F1 Career Challenge
PlayStation 2, GameCube, £39.99 EA Sports
****
For several years, Sony and Electronic Arts have shared the official Formula One licence, but now Sony has managed to grab it all to itself. Hence the name change for EA's annual F1 offering. EA has made much the best of what could have been a bad job, in a rather clever way.
It still holds the licence for earlier Grands Prix, so has created a game that spans the seasons 1999 to 2002, thus allowing you to pursue a mini-career. To do that, you must acquire your superlicence, by completing several exercises.
Sony's Formula One 2003 is a mighty fine game, but F1 Career Challenge is even better. Its level of graphical detail wrings the absolute maximum from the PlayStation 2 and GameCube, and the cars, even with all the assists turned on, handle in what feels like an utterly realistic manner.
The steering is less twitchy than in Formula One 2003, and for rookies, the artificial intelligence-powered rival cars are much more forgiving. The in-game sound is amazing - you can even hear when the traction control kicks in.
In the interest of realism, you are punished much more heavily for sliding off the track than you are in Sony's game. The only comparative downside is that F1 Career Challenge lacks this year's adrenaline-inducing single-lap qualifying.
If you can live without that, and are a confirmed petrol-head, you will find F1 Career Challenge a more than satisfactory purchase. And the Game Cube version, bearing in mind the console's dearth of software, is an essential buy.
Steve Boxer
Futurama
Xbox, PS2, £39.99 SCi
***
It may have been cancelled recently, but Futurama was a great TV show: inventive, well written and genuinely amusing. With such rich source material surely videogame glory awaits? Well, in the non-interactive sections, yes. The cut scenes and dialogue are broadcast quality. The actors from the show all lend their voices and the production is slick throughout.

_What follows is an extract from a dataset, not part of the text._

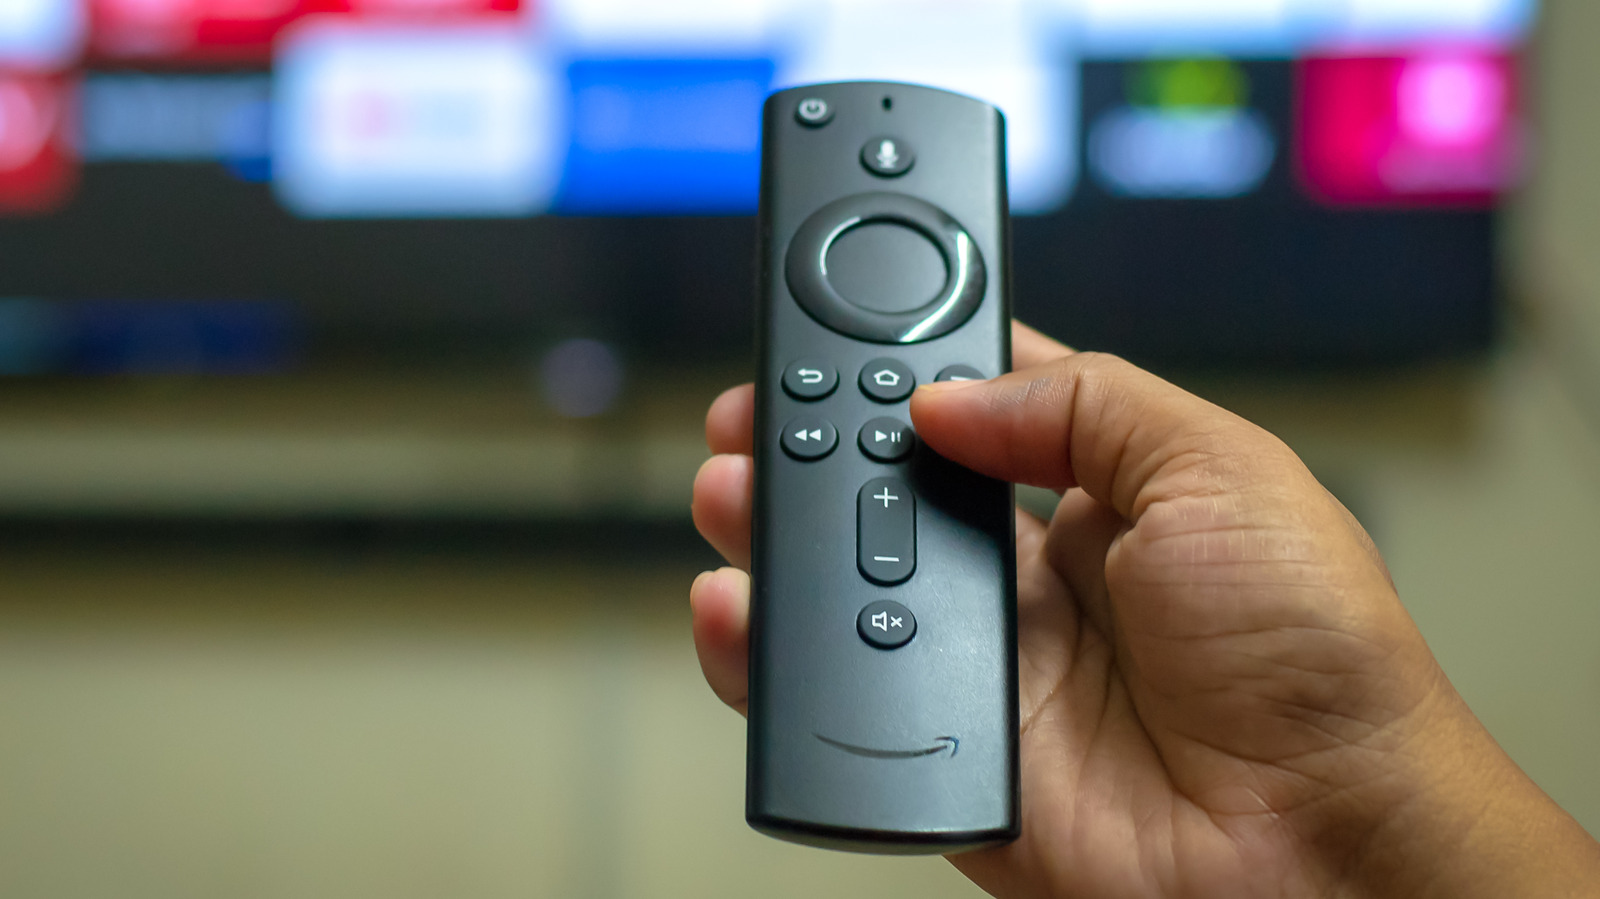 Fire TV Stick: How to cast your phone to your  Fire TV Stick  by Mirroring 
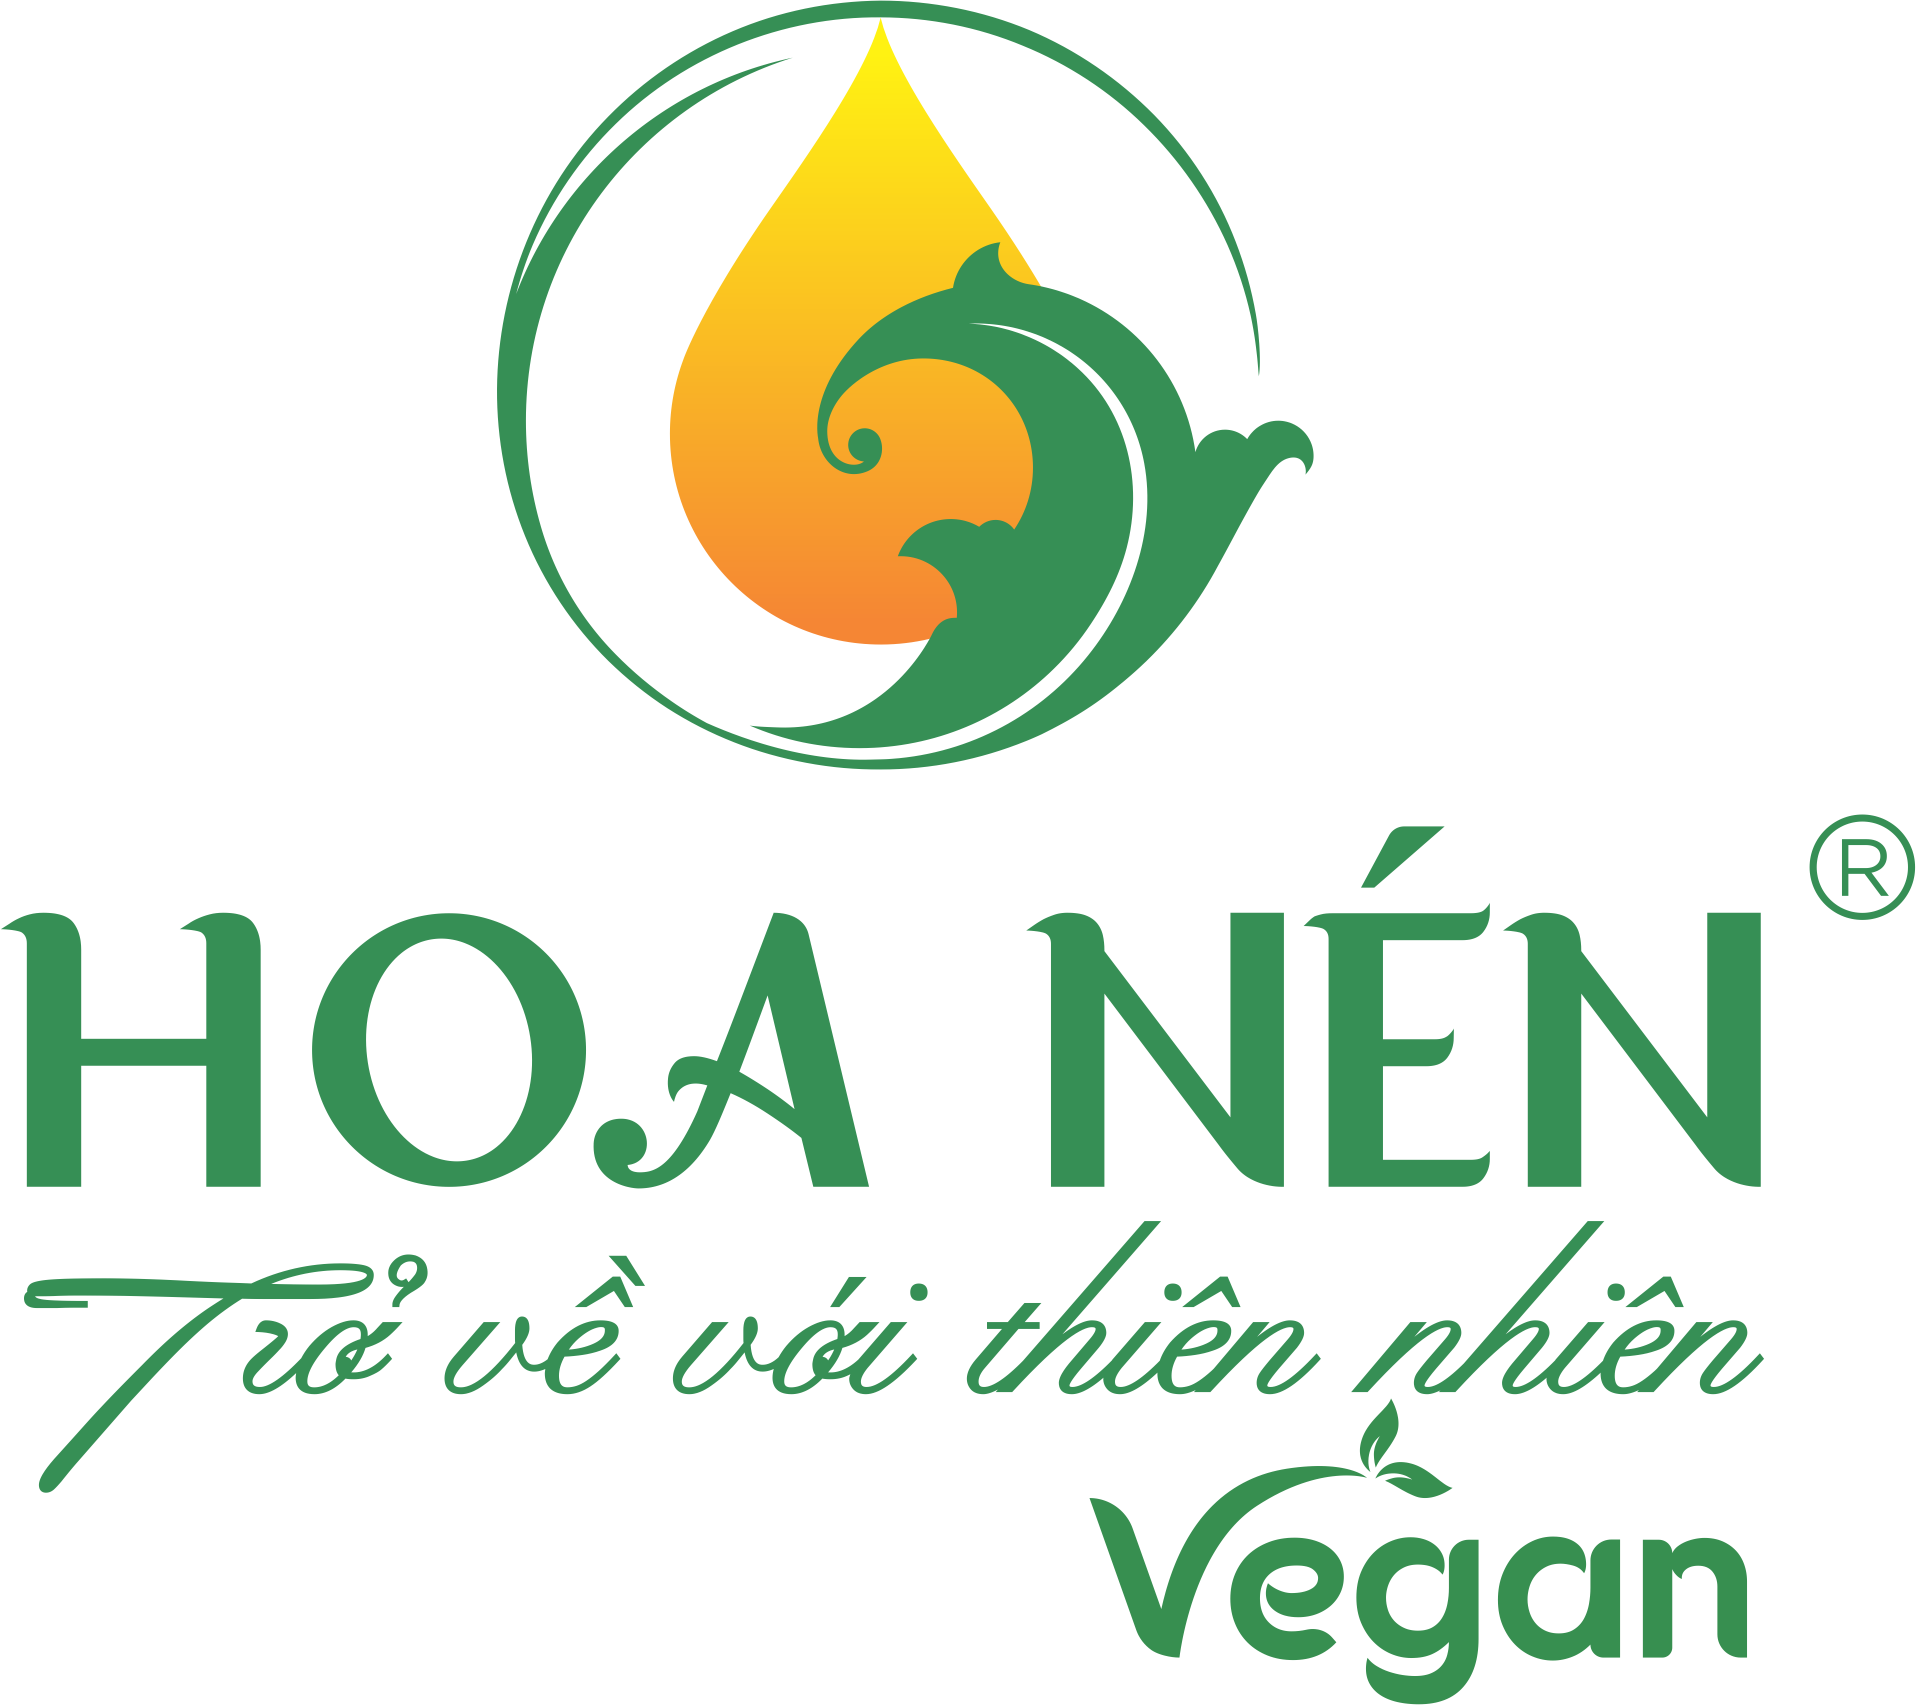 Tea tree oil, Hoa Nén, Essential oils, Vegan products, Thua Thien Hue, Cultural promotion, Local products, Organic farming, Health and wellness products

Sadly, the playable game is a stodgy blend of jumping and combat so shamelessly derivative that even Bender - the thieving robot anti-hero - would overload his blush circuits. Each level is a generic mix of platforming, collection and combat that sees Fry, Bender and Leela battle against the evil Mom.
Loose jumping controls and dicky camera aside, Futurama is fairly solid, but at no time do you experience anything that hasn't happened in a million other games. From moving platforms to object collection, this is gaming by numbers. But before your mind wanders from the action completely, a cut scene or wisecrack will drag you back.
Often these will compel you to play on, in the hope of finding some gameplay variety. But even the Bender levels - the best in the game - are variations on a well-trodden theme. The plot is one of the strong points, and the urge to see what happens next is the main reason to play on. Futurama is certainly better than the Simpsons games, but unimaginative design makes the game a disappointing use of a great licence.
Greg Howson
Aquanox 2: Revelation
PC, £29.99 Koch Media/Massive Development
***
The world is a very different place in the year 2666. Through a series of natural disasters mankind has been driven into the seas to forge a new civilisation below the waves. Into this aquatic world comes William Drake, the young, dumb and wet-behind-the-ears heir of a dilapidated undersea trading company. He dreams of life as a mercenary, although he starts out so witless, you wouldn't put him in charge of a rubber duck.
After answering an SOS and returning to his frigate to find that it's been taken over by renegades, Drake finds his life has become a lot more exciting. There are 30 missions that make up the structure of the gameplay with plenty of other sub-goals along the way, allowing you to pilot and upgrade various aquatic ships. The underwater environment makes for some interesting physics, especially in simulation mode, which allows you to control your ship's movement in a more realistic way.
The game has a definite Wing Commander feel to it, right down to the dubious characters with whom you interact. (This is either a good or a bad point, depending on how fondly you remember Origin's space adventure series.) The voice acting behind the characters is decent, but while Wing Commander utilised full motion video to bring its characters to life, Aquanox 2 opts for horribly static interactions.
The Aquanox series seems to be heading in the right direction but, although this sequel offers pretty good entertainment and a nice graphics engine, the gameplay suffers from a retro outlook.